Dados Bibliográficos

AUTOR(ES) S. Venkatesan
AFILIAÇÃO(ÕES) The University of Manchester
ANO 2021
TIPO Artigo
PERIÓDICO Journal of the Royal Anthropological Institute
ISSN 1359-0987
E-ISSN 1467-9655
EDITORA Sage Publications (United States)
DOI 10.1111/1467-9655.13550
ADICIONADO EM 2025-08-18

Resumo

A wedding between two trees in a Tamil village reveals that a tree can be more than, while still remaining, a tree. It needs to be a tree because trees do certain things. It can be made more than a tree, however, through a logic of homological connections which temporarily create equivalences between trees and divinities.
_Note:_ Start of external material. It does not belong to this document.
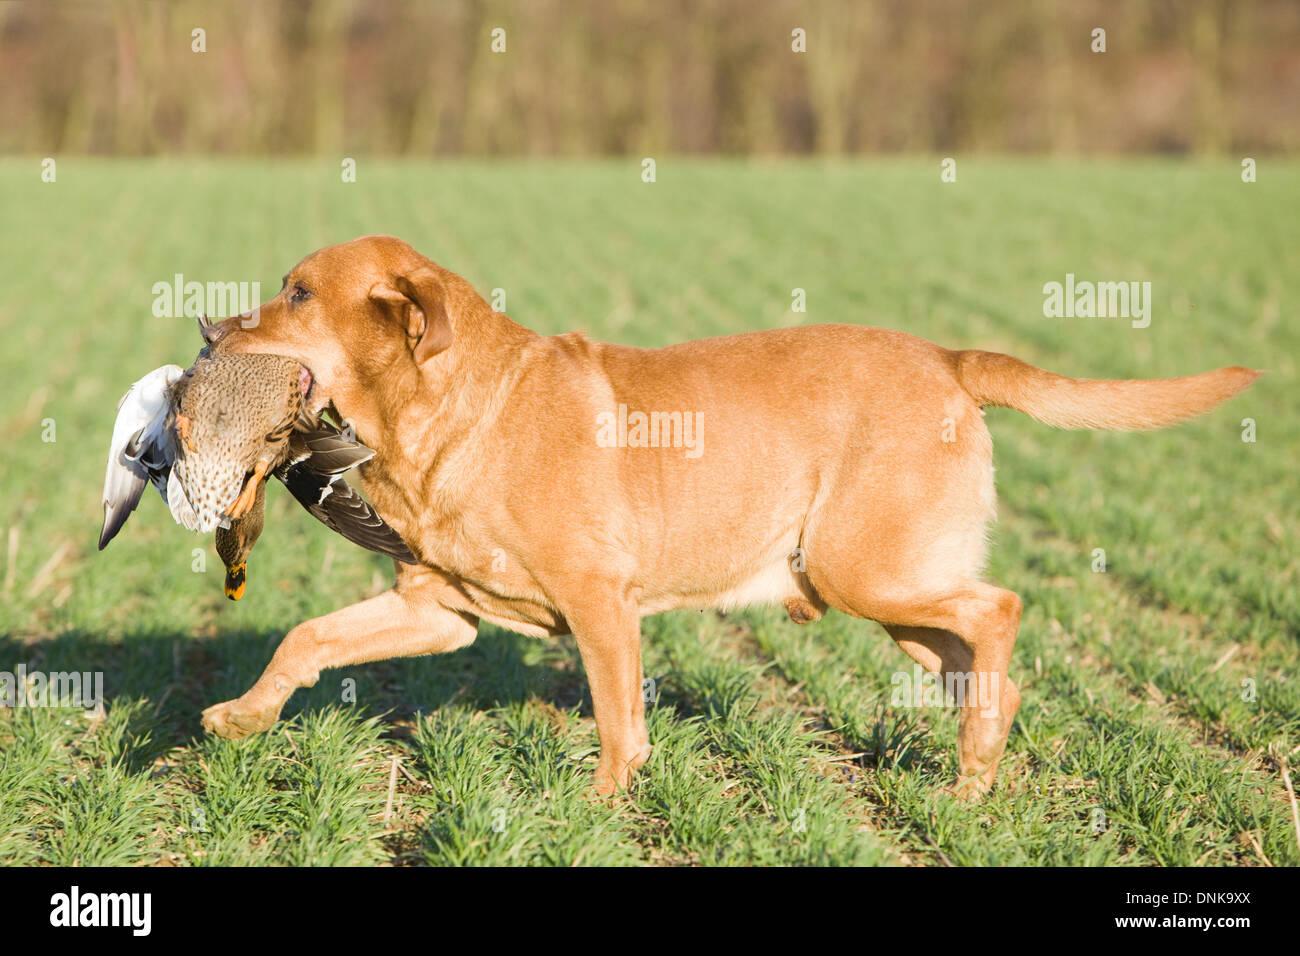 A Golden Labrador Retriever retrieving a duck on a shoot in England - Stock Image

The wedding (kalyanam), a ubiquitous Tamil ritual form which pertains not only to marriage, creatively and subjunctively opens up new possibilities to change 'it could be' and 'it should be' to 'let it be so'. The wedding of two trees seeks to materialize ideal situations and outcomes by mobilizing the aliveness of trees, a quality they share with humans and animals, without positing personhood, identity, or confusing categories. In making this argument, I question choices of comparators in anthropological analyses which posit a holistic 'non‐West' against a dualistic 'West' and contrast a taken‐for‐granted 'us' with 'our' really rather different 'others'.